90

He Will Make Peace

“Zahal” is the Hebrew acronym for “Israeli Defense Force,” and Zahala is the classy northern suburb of Tel Aviv where army generals live. Moshe Dayan has a big house there. The general’s wife whom Mark has been seeing took Abe into her home, and has put Sandra up, too, with the general’s genial consent. These Israelis, the secular ones, tend to be what some might call adult about marriage and divorce. The general showed up during my visit, and there was no visible awkwardness among him, Mark, and the wife, who isn’t much to look at, but otherwise is quite a woman. She works in aeronautical designing, and has an engineering degree from the Technion in Haifa. The general is in love with somebody else’s wife, I think a bank manager’s, but I didn’t delve into all that. Mark has accepted a lecture post at the Technion; just temporarily, he assures me; there’s no way he’ll settle in Israel.

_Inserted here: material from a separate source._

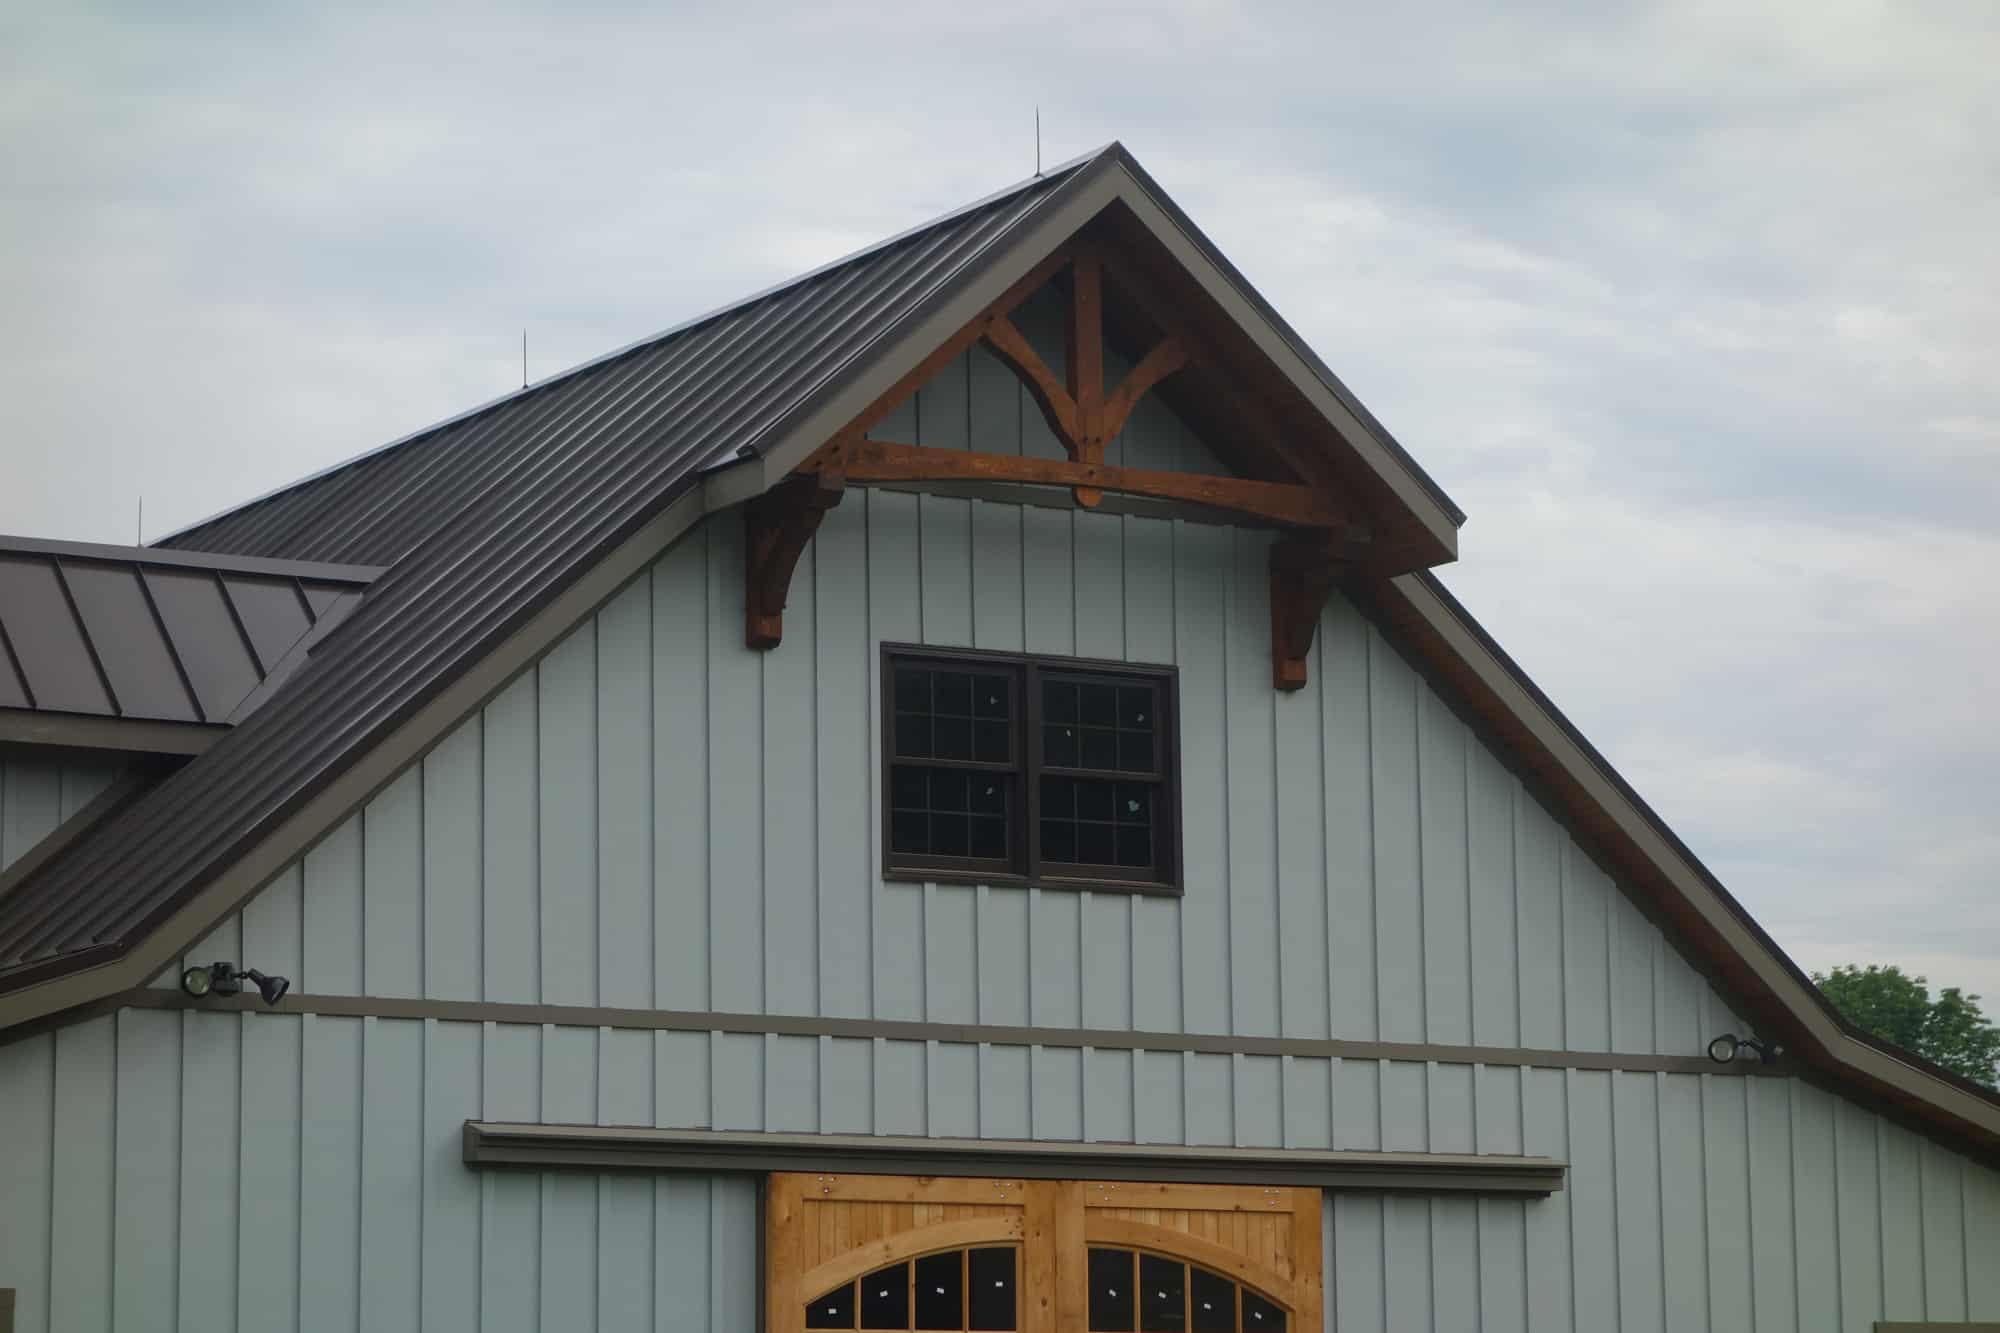 mass timber metal roof horse stalls

When I got there I saw Sandra feeding Abe lunch in the garden; so I let them alone and went inside, where I found Mark chuckling evilly over the foul review Time had given Peter Quat’s book. Its heading was My Eye, and it went on from there. The issue was several weeks old, for the war had delayed the mails.

“Well, this is the end of Peter’s kike comedy,” said Mark, “and high time. The joke is over. School of Quat fiction is dead. The Jews are a threatened species, probably doomed, because how many more military miracles can Israel pull off? It ain’t funny any more.”

Though I wasn’t in an arguing mood I fired up at that. “We aren’t a threatened species, and we aren’t precisely because Israel exists,” I retorted. “If we ever stop laughing at ourselves, then we’ll be a threatened species. As for the military miracles, they will go on, don’t worry, until the Arabs wise up, and get tired of dying for the Soviet Union. Then there’ll be peace.”

“He’s your client,” said Mark sourly.

Actually Peter isn’t in such bad shape. This book has to be written off as a muff, and his publisher naturally has gone sour on Quat merchandise, but Peter went to another publisher with a new book idea; and he telephoned me the day after the war ended, all in a happy fizz about, believe it or not, the Gilgamesh epic. He came upon this pre-Biblical flood story, and started reading up like mad on Mesopotamian religion, which was, I gather, very licentious and scatological. Peter has this vision of a tremendous Mesopotamian book ending in the great flood. “The ultimate disaster novel, a mighty parable of our times,” he calls it. Apparently the new publisher agreed and is talking big figures. The Noah of the Gilgamesh epic is named Utnapishtim. Peter will have to do something about that, but I daresay he will. You can’t keep a good man down.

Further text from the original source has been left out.